Here, we are going to learn how to print the Nth node from the last of a singly linked list using C program?
Submitted by Nidhi, on August 24, 2021

Problem Solution:

Given a single linked list, we have to print the Nth node from the last.

Program:

The source code to print the Nth node from the last of a singly linked list is given below. The given program is compiled and executed using GCC compile on UBUNTU 18.04 OS successfully.
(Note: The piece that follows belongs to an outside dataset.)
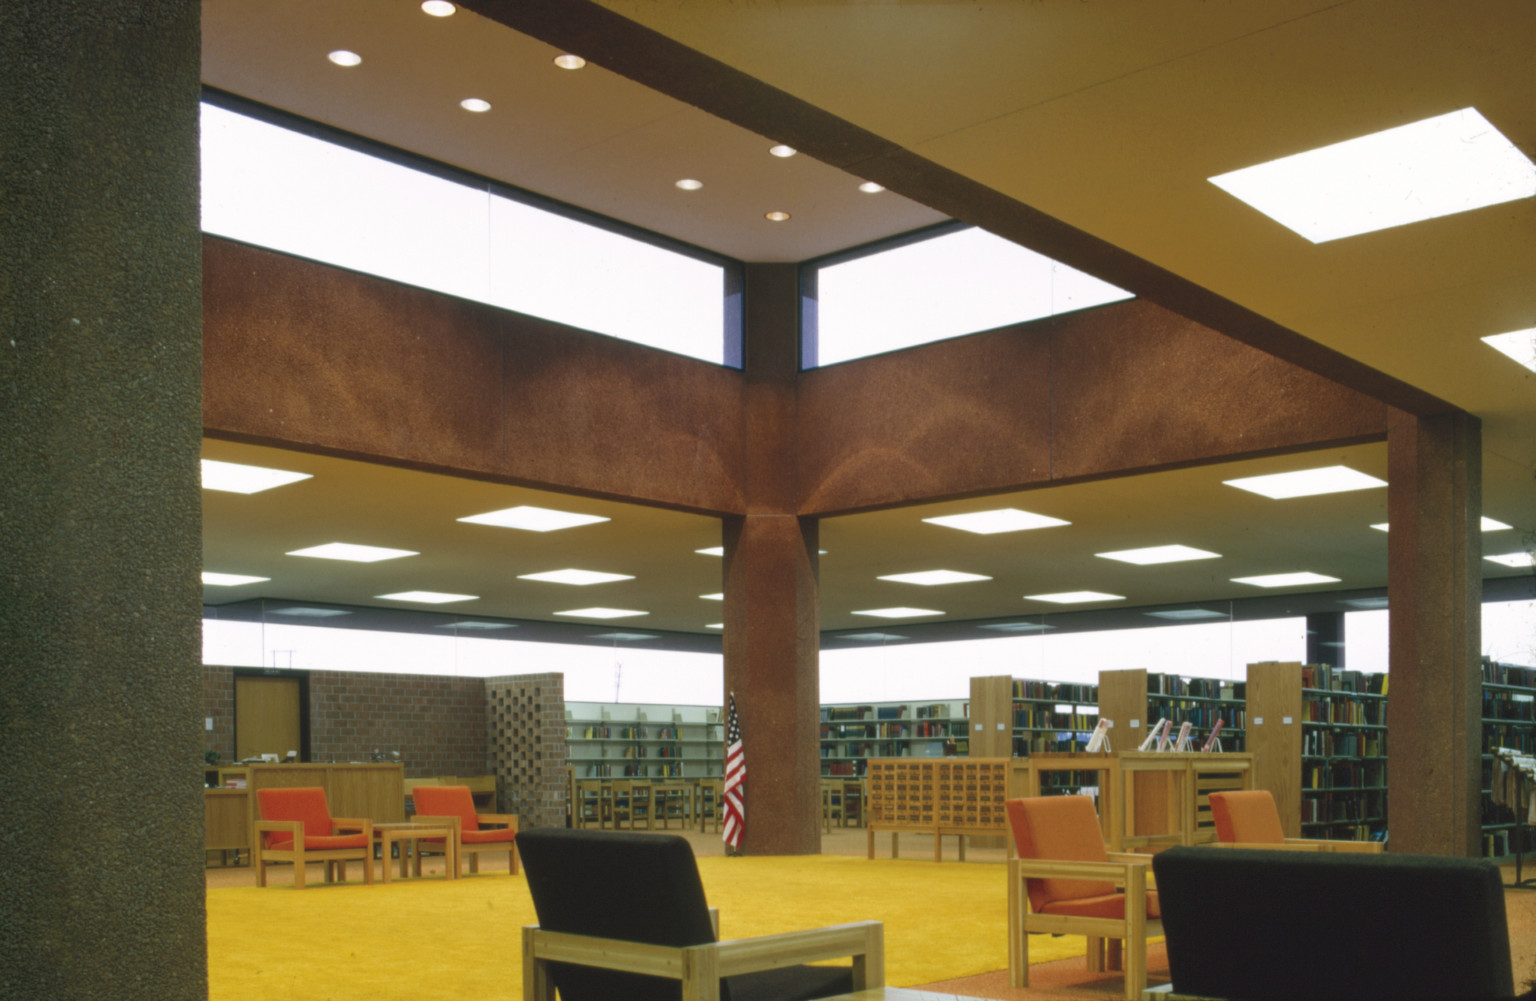 View inside Pierre Public Library, bookshelves to right and seating in center. Clerestory windows let light in from above

// C program to print the Nth node from the last
// of a singly linked list

#include <stdio.h>
#include <stdlib.h>

//Self-referential structure to create the node.
typedef struct tmp {
    int item;
    struct tmp* next;
} Node;

//structure for creating the linked list.
typedef struct
    {
    Node* head;
    Node* tail;

} List;

//Initialize List
void initList(List* lp)
{
    lp->head = NULL;
    lp->tail = NULL;
}

//Create node and return the reference of it.
Node* createNode(int item)
{
    Node* nNode;

    nNode = (Node*)malloc(sizeof(Node));

    nNode->item = item;
    nNode->next = NULL;

    return nNode;
}

//Add a new item at the end of the list.
void addAtTail(List* lp, int item)
{
    Node* node;
    node = createNode(item);

    //if list is empty.
    if (lp->head == NULL) {
        lp->head = node;
        lp->tail = node;
    }
    else {
        lp->tail->next = node;
        lp->tail = lp->tail->next;
    }
}

//Add a new item at the beginning of the list.
void addAtHead(List* lp, int item)
{
    Node* node;
    node = createNode(item);

    //if list is empty.
    if (lp->head == NULL) {
        lp->head = node;
        lp->tail = node;
    }
    else {
        node->next = lp->head;
        lp->head = node;
    }
}

//To print the list from start to end of the list.
void printList(List* lp)
{
    Node* node;

    if (lp->head == NULL) {
        printf("\nEmpty List");
        return;
    }

    node = lp->head;

    while (node != NULL) {
        printf("| %05d |", node->item);
        node = node->next;

        if (node != NULL)
            printf("--->");
    }
    printf("\n\n");
}

void printNthNode(List* lp, int n)
{
    Node* temp;
    int count = 0;
    int nodeNum = 0;
    int i = 0;

    temp = lp->head;
    while (temp != NULL) {
        count++;
        temp = temp->next;
    }

    if (n > count) {
        printf("You have entered wrong value of N\n");
        return;
    }

    nodeNum = count - n + 1;

    count = 0;
    temp = lp->head;
    while (temp != NULL) {
        count++;
        if (count == nodeNum)
            printf("Nth node is: %d\n", temp->item);
        temp = temp->next;
    }
}

//Main function to execute program.
int main()
{
    List* lp;

    lp = (List*)malloc(sizeof(List));

    initList(lp);

    addAtTail(lp, 101);
    addAtTail(lp, 102);
    addAtTail(lp, 103);
    addAtTail(lp, 104);
    addAtTail(lp, 105);

    printf("List:\n");
    printList(lp);

    printNthNode(lp, 4);

    return 0;
}

Output:

List:
| 00101 |--->| 00102 |--->| 00103 |--->| 00104 |--->| 00105 |

Nth node is: 102

Explanation:

Here, we created a self-referential structure to implement a linked list, a function to add a node at the start and end of the list, and a function printNthNode() to find the Nth node from the last of the linked list.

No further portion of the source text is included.